About Used Books in Class

The original purpose of this blog? To explain how I put gently used books into the hands of students in order to improve reading.The name of the blog, Used Books in Class, was initially chosen to indicate the condition of the texts. The term “used”, however, can also serve to mean how these text are used in my class. In other words, how are the used books being used in the English Language Arts Classrooms at each grade level?

In writing this blog, I have found myself increasingly commenting on English/Language Arts Common Core State Standards and current issues in education. This means the purpose of the blog has grown to include topics that are all related to the use of reading materials in the classroom, and reading is the most important skill that students will need to be successful students at every grade level. Providing a wide variety of books-new and used- is critical to engaging readers.

Starting in July of 2010 and continuing through the present,  I have been adding to the Wamogo Middle/High School book room used by the English Department. The first year (June 2010-2011) I added well over 2,500 books for less than $2,000.00 by shopping at thrift stores or at seasonal public library book sales!

A carload of Used Books after a summer book sale!

To date, the used books purchased in the secondary markets have helped in four specific ways:

-Used books have replaced copies at each grade level. Used books have been used to replace lost or damaged copies of books assigned to a particular curriculum. For example, there have been replacement copies of The Giver for Grade 7, Of Mice and Men in 9th grade, and Animal Farm in Grade 10. These titles are taught in almost every school system in Connecticut, and are titles that are relatively easy to find locally in the secondary market. These are also titles that are readily available in large quantities online on used book dealer sites such as Better World Books.

-Used books have increased selections for independent reading in classrooms. The English Department has incorporated more time for silent sustained reading (SSR) in class at each grade level, and classroom libraries have been increased to allow students the opportunity to choose books to read. For example, students in grade 9 are provided 40-45 minutes each week to read self-selected books during the school year. Students may choose a book from the school’s library media center, or choose a book from one of the carts in the classroom.  Titles vary in genre, subject and reading level in order to meet student interest. Students are responsible for blogging reviews about the books they read at least twice a quarter.

Other classes that take advantage of independent reading are the Advanced Placement English Language and English Literature classes. Students select independent reading that meets the critical standards of the Advanced Placement program. These selections range from the classics (Dostoevsky’s Crime and Punishment) to more contemporary titles (Roth The Plot Against America) and write responses to these books.

-Used books are added titles as “satellite texts”. English teachers have extended thematic units to include titles that complement a text from the literary canon.

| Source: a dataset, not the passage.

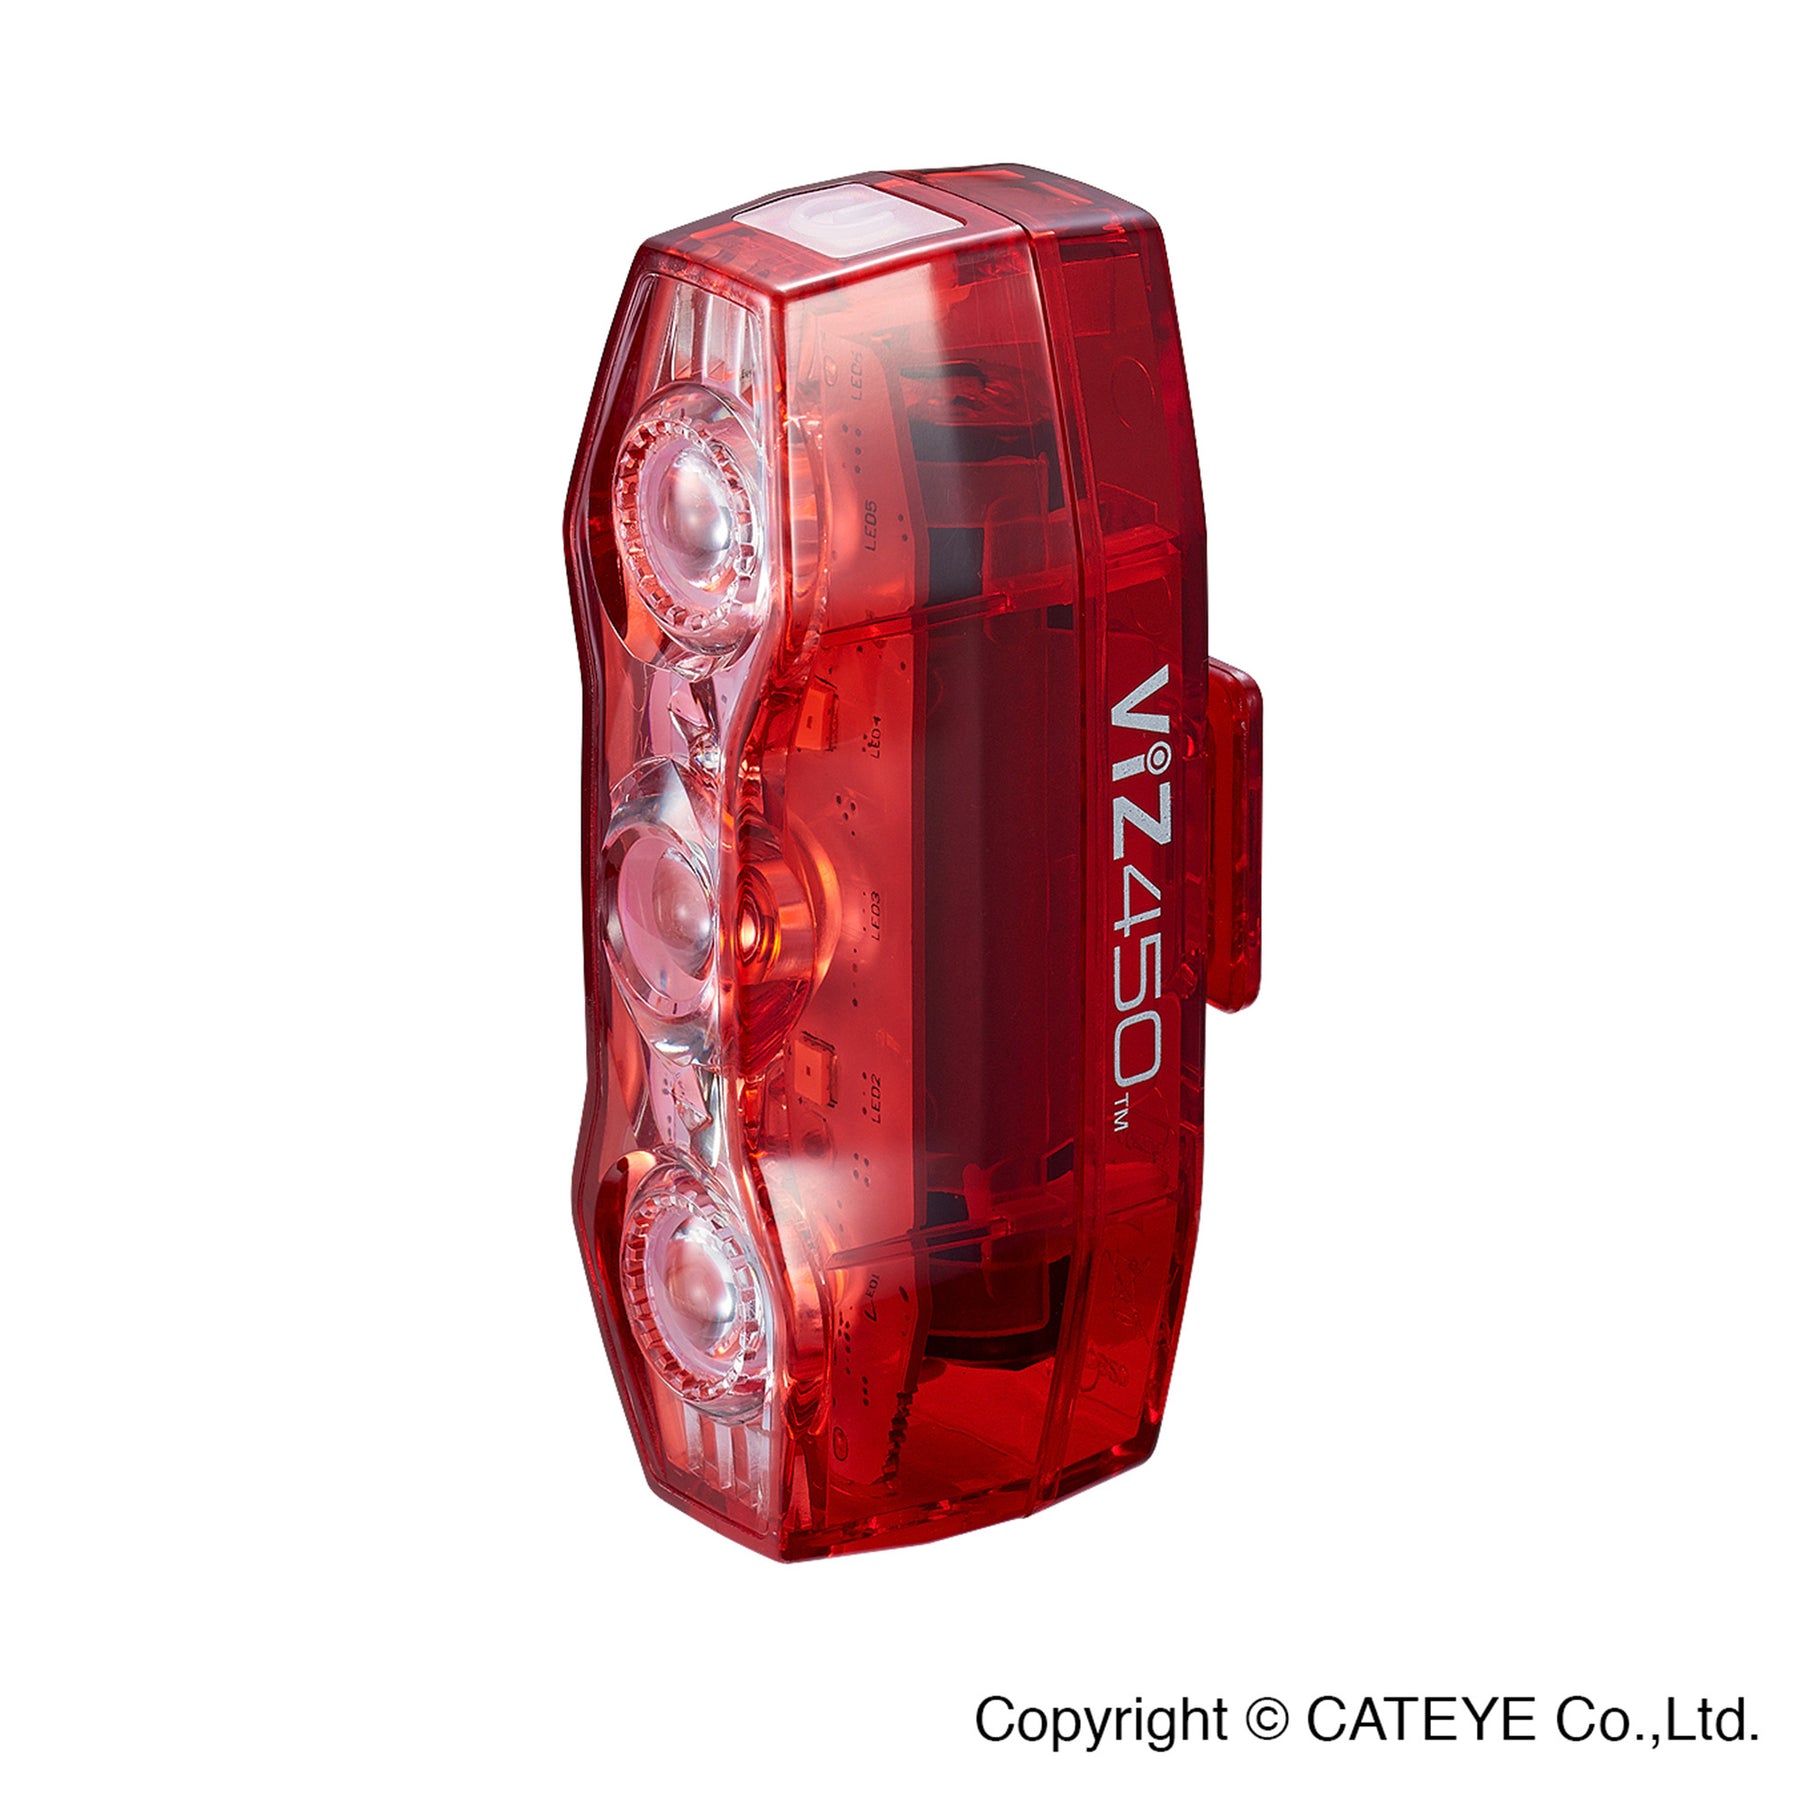 Cateye Viz 450 Rear Bike Light

For example, the 11th grade thematic unit “Coming of Age” is usually associated with Salinger’s Catcher in the Rye. Purchasing used books have increased selections to include Sittenfield’s Prep, Cormier’s The Chocolate War, Lamb’s She’s Come Undone, Gibbons’s Ellen Foster, and Chbosky’s Perks of Being a Wallflower. Students select a text to explore the thematic idea through the lens of another author.

-Used books have allowed for the addition of new texts. The purchase of used books has expanded curriculum at several grade levels with high interest titles.  For example, Hosseini’s The Kite Runner, Coelho’s The Alchemist and Haddon’s The Curious Incident of the Dog in the Night-time (see picture) have been added to the World Literature curriculum in grade 10. In addition, Walls’sThe Glass Castle has been added to Grade 12 Memoir class while Farmer’s The House of the Scorpion will be added to grade 7.

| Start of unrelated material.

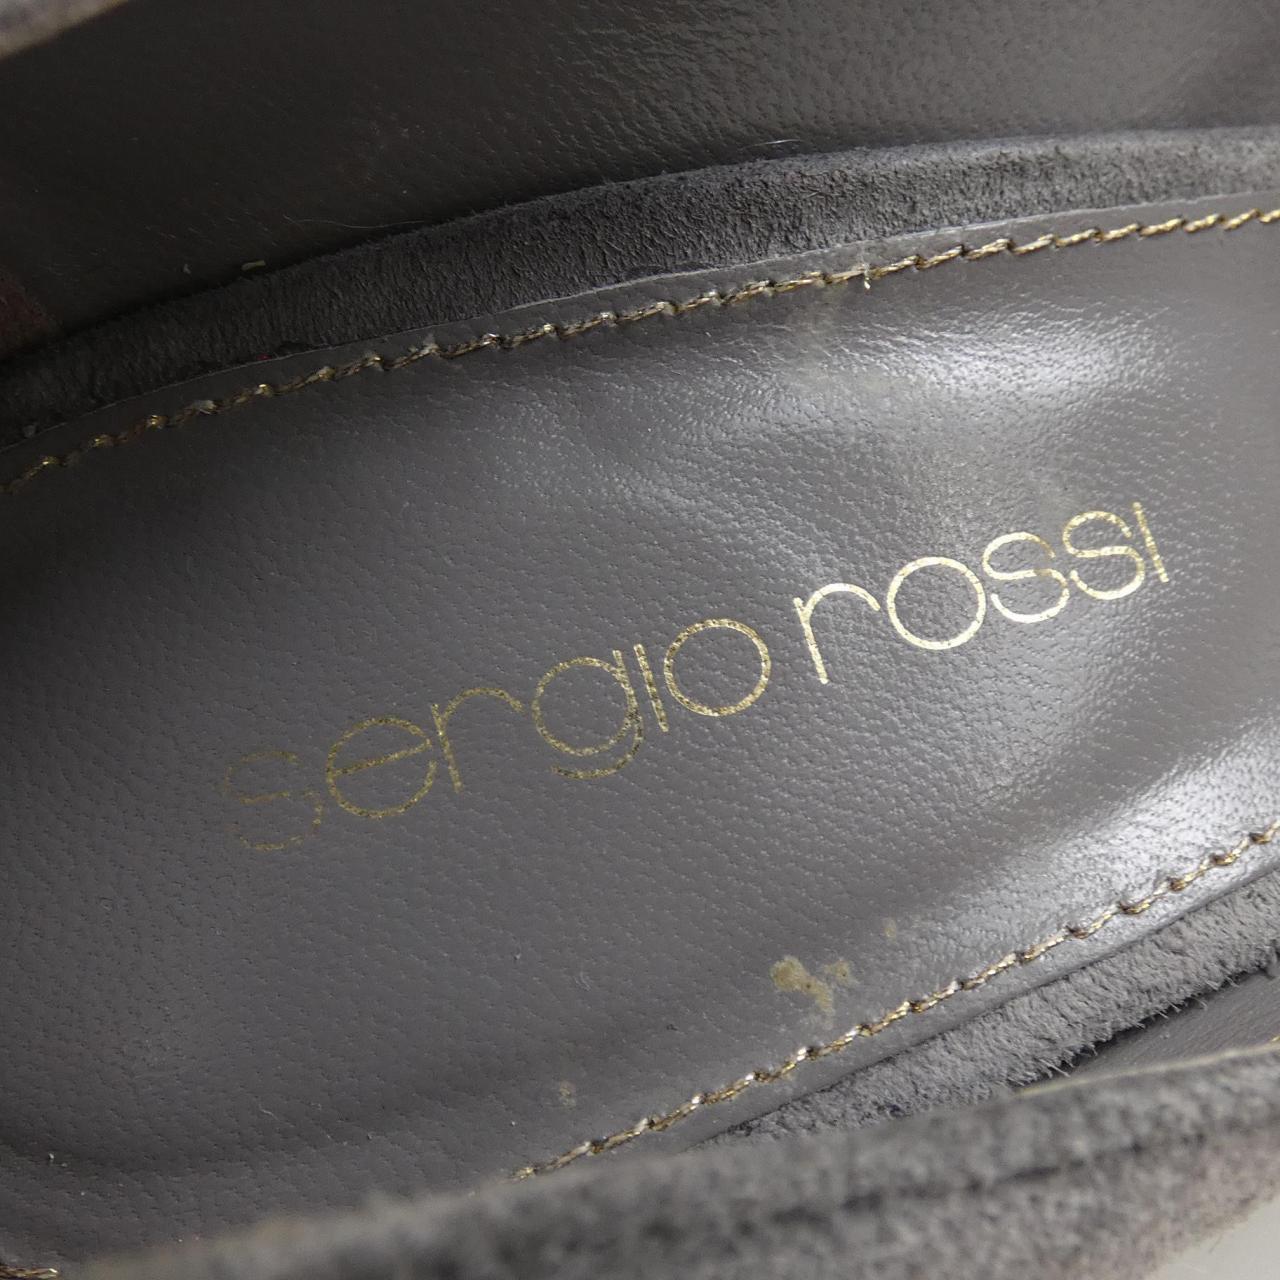 sergio rossi ·罗西 塞尔吉奥·罗西 高跟鞋

Ultimately, the re-stated purpose of this blog will be to continue to discuss the inclusion of specific used book titles in English/language arts classrooms as well as discuss how we are working to improve reading in and out of the classroom  at every grade level. Used books in class is also about using books in class to improve reading!

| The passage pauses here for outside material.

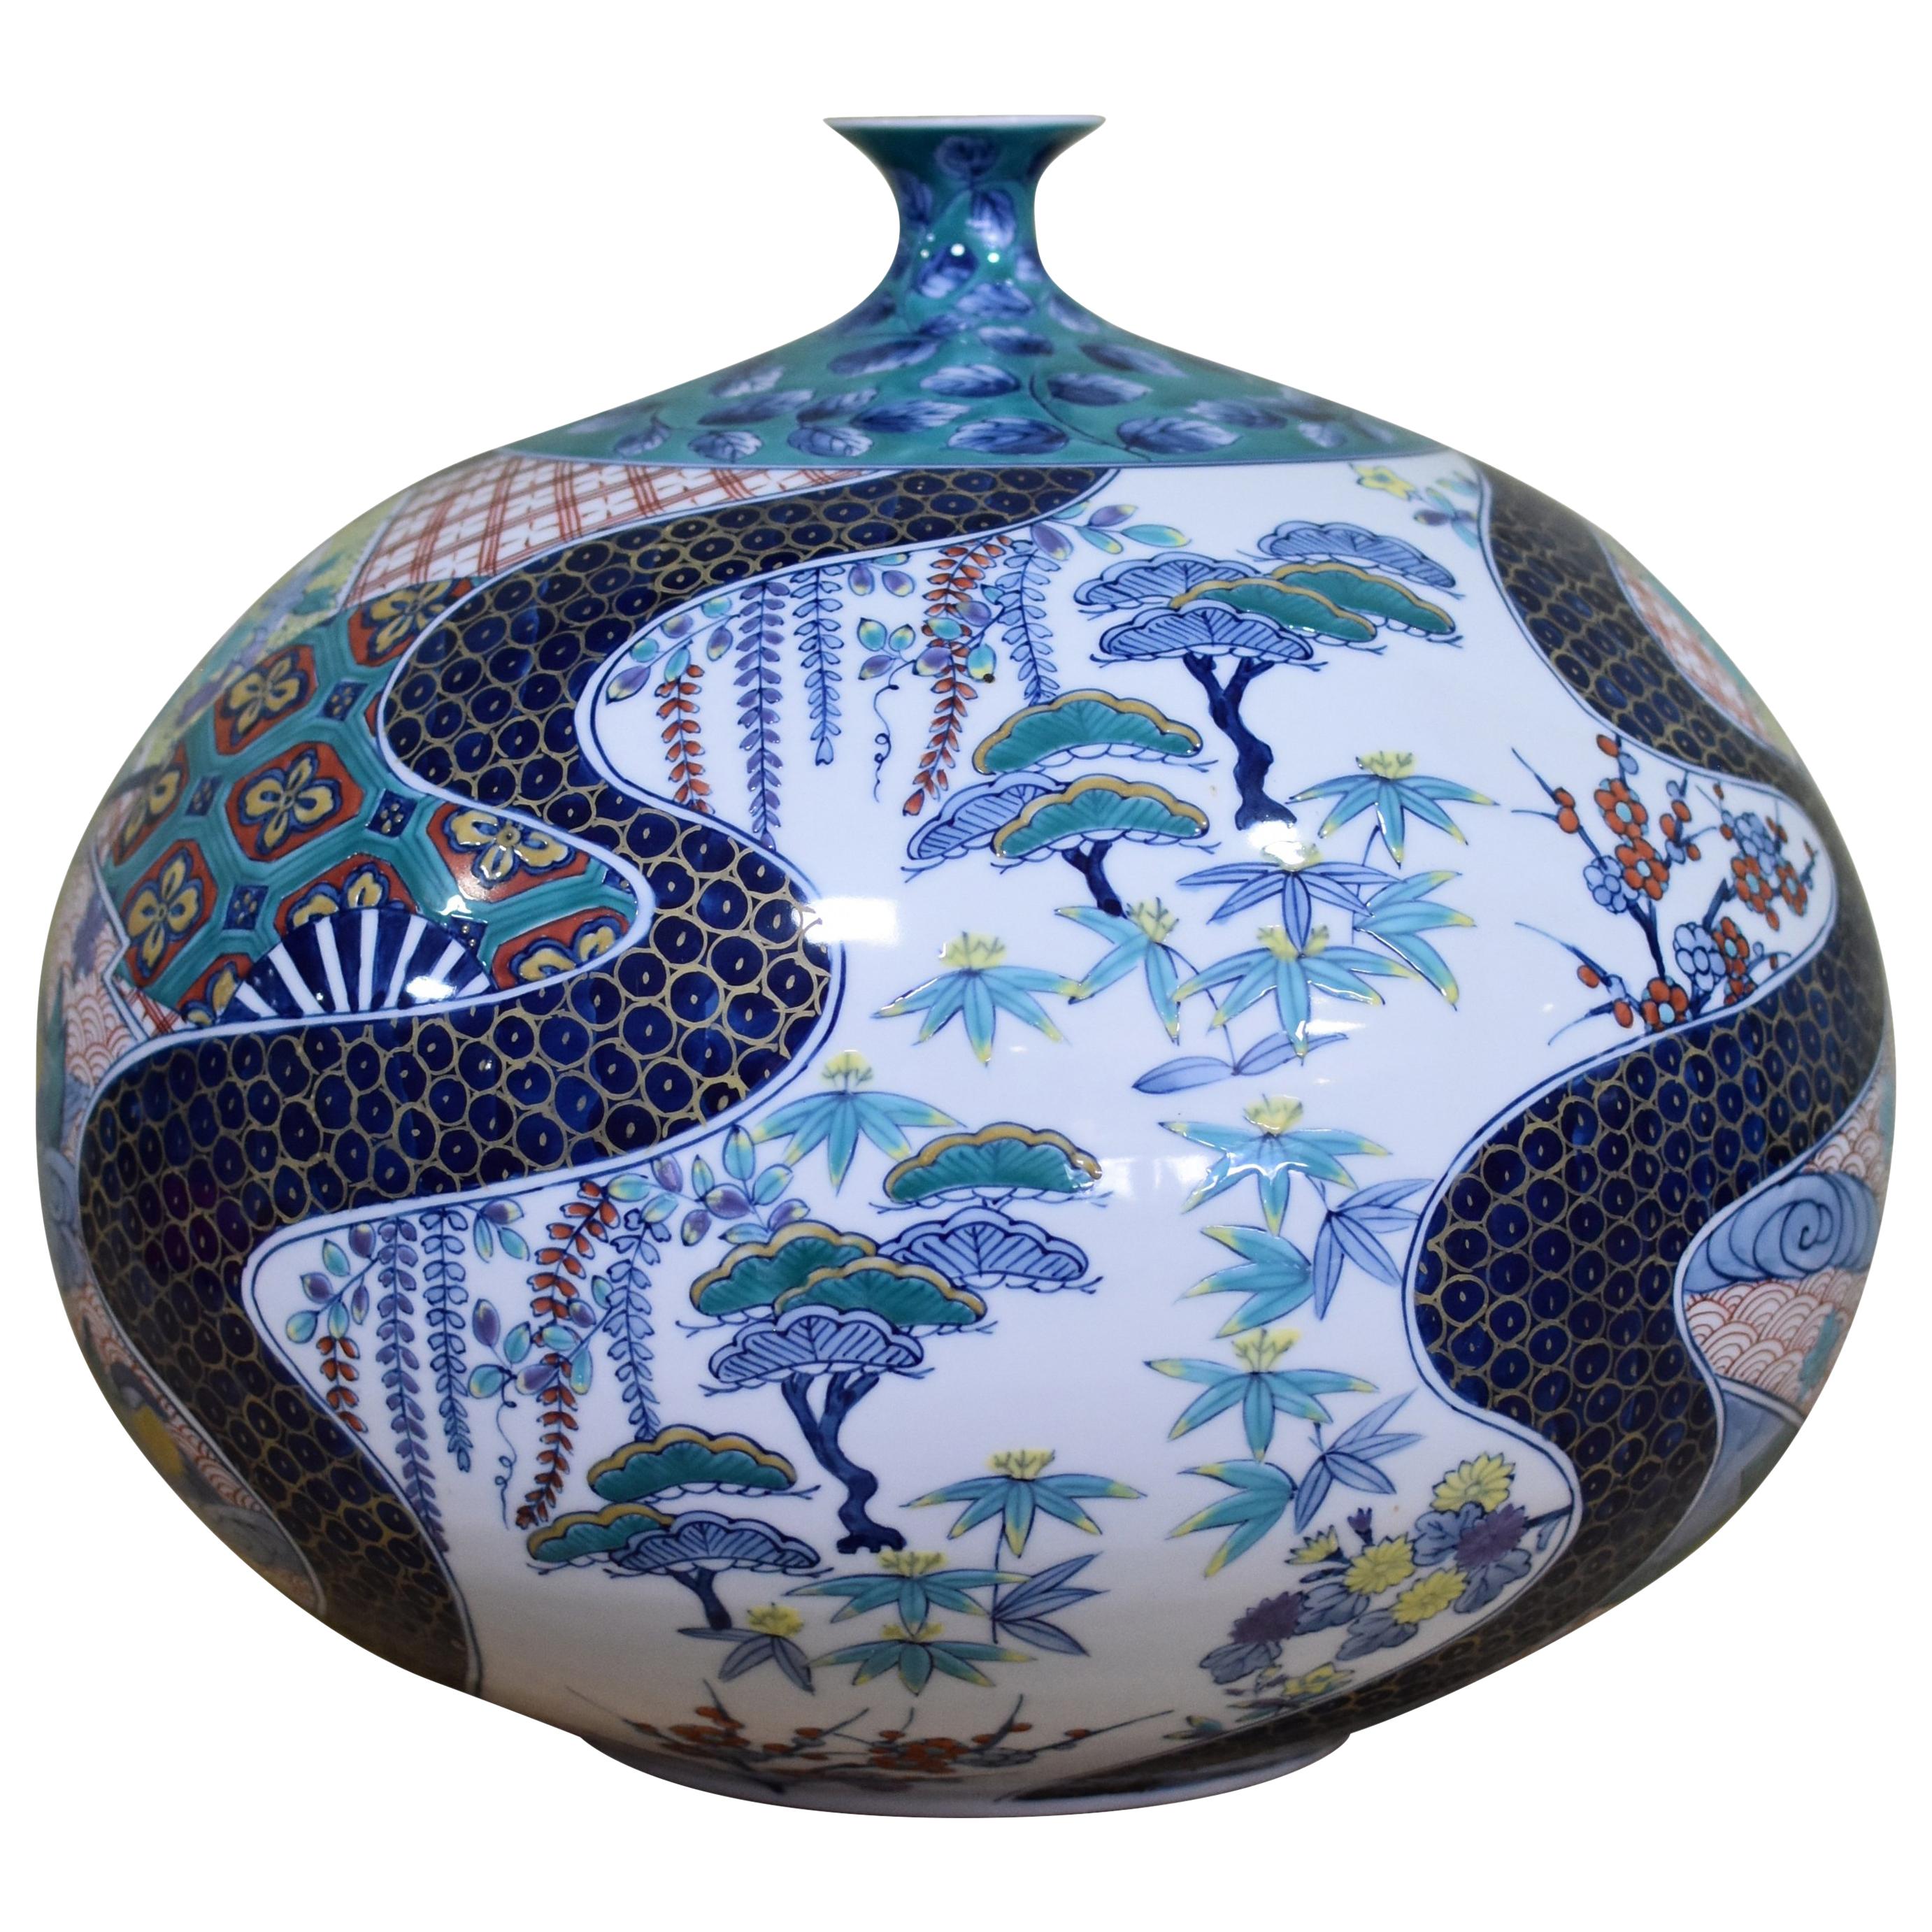 Große blau-grüne Porzellanvase von japanischem Meisterkünstler

 I will be posting at least twice a week throughout the school year.

5 responses to About Used Books in Class

  1. 

    Mrs. Bennett–I hope everything is ok. My stomach has been upside-down ever since hearing about what happened. Hopefully you and the people around you have managed and will continue to manage to stay strong throughout this. My condolences to anyone and everyone in your circle that is feeling this pain moreso than myself.

    Love,
    Jordan Eckstein

    • 

      Jordan:
      Yes, I am fine, but only because I am teaching in Litchfield, CT (Wamogo High School). I do appreciate your concern. The Newtown tragedy does send a shiver into teachers everywhere who feel responsible for the intellectual development of their students…and now for their physical safety as well. I know that my faculty went home very somber today knowing there is a group of children in Newtown who will always miss their 20 classmates throughout the years they spend in elementary, middle, and high school.
      Thank you again for your concern….and I hope all is well with you.